State lawmakers this session debated HB 2269, which would have levied a one-time fee on companies subject to air emission oversight, and would have funded the development of the Cleaner Air Oregon program.
The bill never made it out of the House SubCommittee on Natural Resources.
Richard Whitman, director Oregon Department of Environmental Quality, said Cleaner Air Oregon will move forward for now, even without the supplemental funds. He said the department will prioritize areas with the highest risk, but encouraged the public to lobby legislators for financial support to implement the full framework.
“We are going to need sign off from the legislature,” he said. “We need your advocacy to get us over the hump in 2018.”
State legislators who champion the effort include Barbara Smith Warner, representing northeast Portland, and Janeen Sollman, representing east Hillsboro and west Beaverton. Multnomah County Commissioners Sharon Meieran and Jessica Vega Pederson also turned out alongside Multnomah County Chair Deborah Kafoury.
“We’ve seen the health impacts of industrial emissions take their toll on our public health, and too often, low-income communities and communities of color living near the sources of these emissions bear the brunt of those negative impacts,” said Vega Pederson (read her full statement). “Unfortunately, this year the Legislature failed to do their part in protecting our air.”

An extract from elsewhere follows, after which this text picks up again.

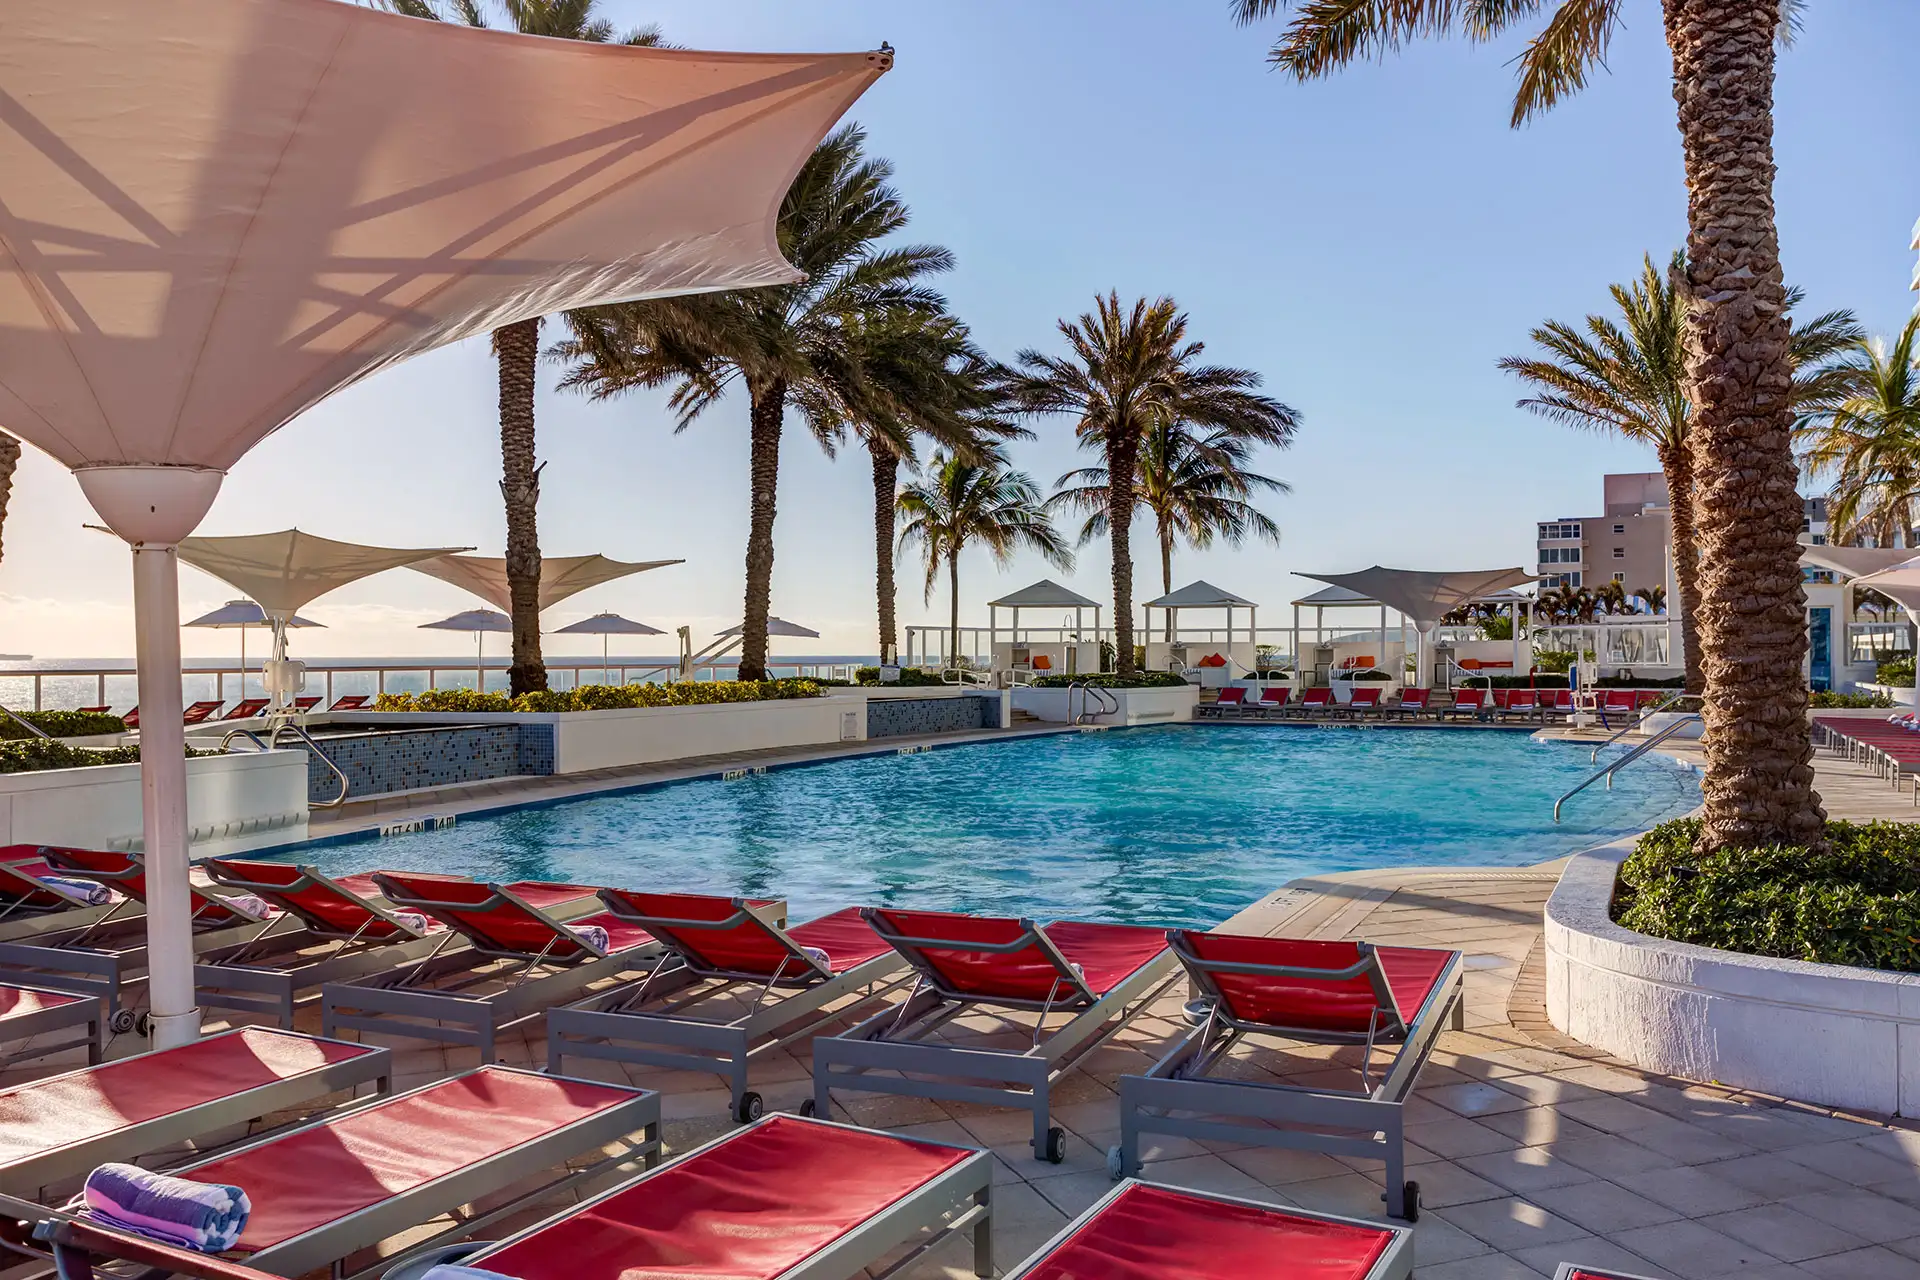 Pool at Hilton Fort Lauderdale Beach Resort; Courtesy of Hilton Fort Lauderdale Beach Resort
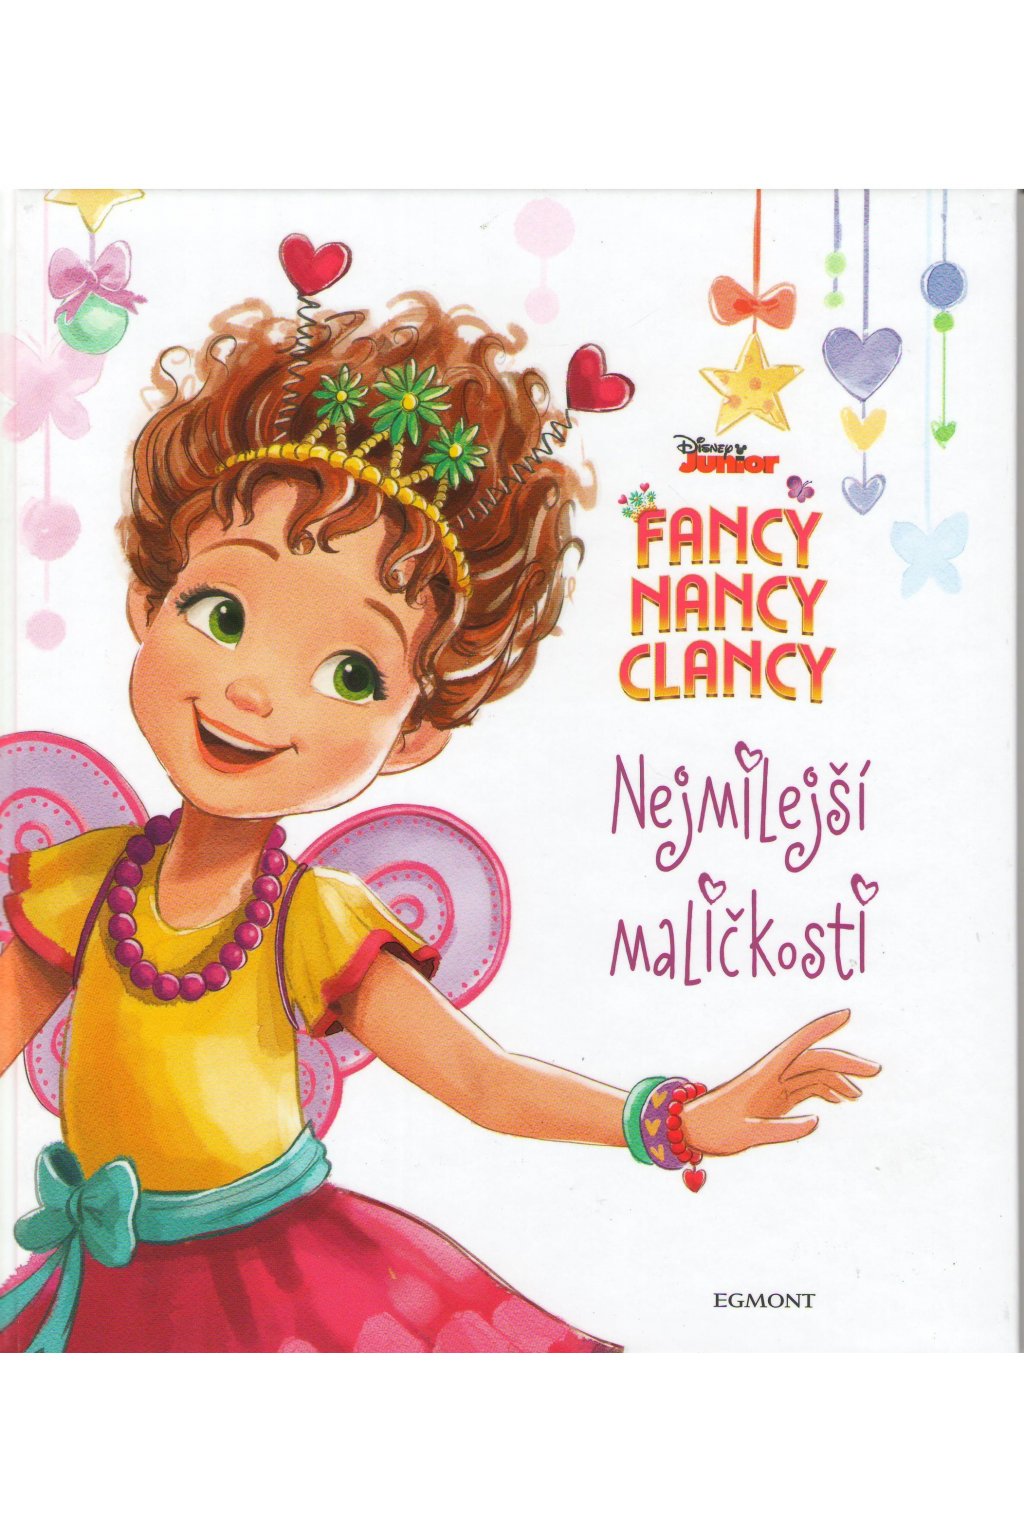 Fancy Nancy Clancy: Nejmilejší maličkosti

Dirty air harms children and vulnerable people the most
Sophie Wilson, a 17-year-old student at Lincoln High School and member of the school’s environmental justice club, said it’s time to vote for equality, rather than just debate it.
“People of color are more exposed to air pollution than anyone else,” she said. “In America, your race affects everything — from your seat on a bus, to your ability to vote, and even your brush up with police officers. Now it affects the air you breathe in? I was always told that our fight for equality was getting easier. It seems to me that if people of color now have to beg on their hands and knees to be able to have clean air to breathe in, then do black lives really matter?”
Haile Peveto, part of the award-winning Lincoln High environmental justice group, spoke of how long she has worked alongside her mother, Mary, fight for cleaner air -- since elementary school.
Dayna Jones, a mother of two, said that addressing air quality in communities of color and low income communities will mean the air gets better for everyone else too. She wants to make things better for her 2-year-old son Oberyn.
After the family moved from Colorado so Jones could attend Lewis & Clark law school, Oberyn seemed to come down with allergies. Jones was working for the environmental justice group OPAL this spring, drafting testimony on the Cleaner Air Oregon funding bill, when her partner called. Oberyn was having difficulty breathing.
They rushed him to the hospital, where the doctor asked an odd question: Did the family live near a main road? They live just off Boones Ferry Road, and it turned out her son had Reactive Airway Disease, a condition similar to asthma, but in children under age 6. The doctor suggested air pollution might be the cause.
Jones had advocated for the House Bill that would have funded Clean Air Oregon through industry fees. And although the bill died in committee, she said she’s not done fighting.
“Legislation failed us, but the Governor is on our side,” she said. “And this is important to remind her that we've got her back.”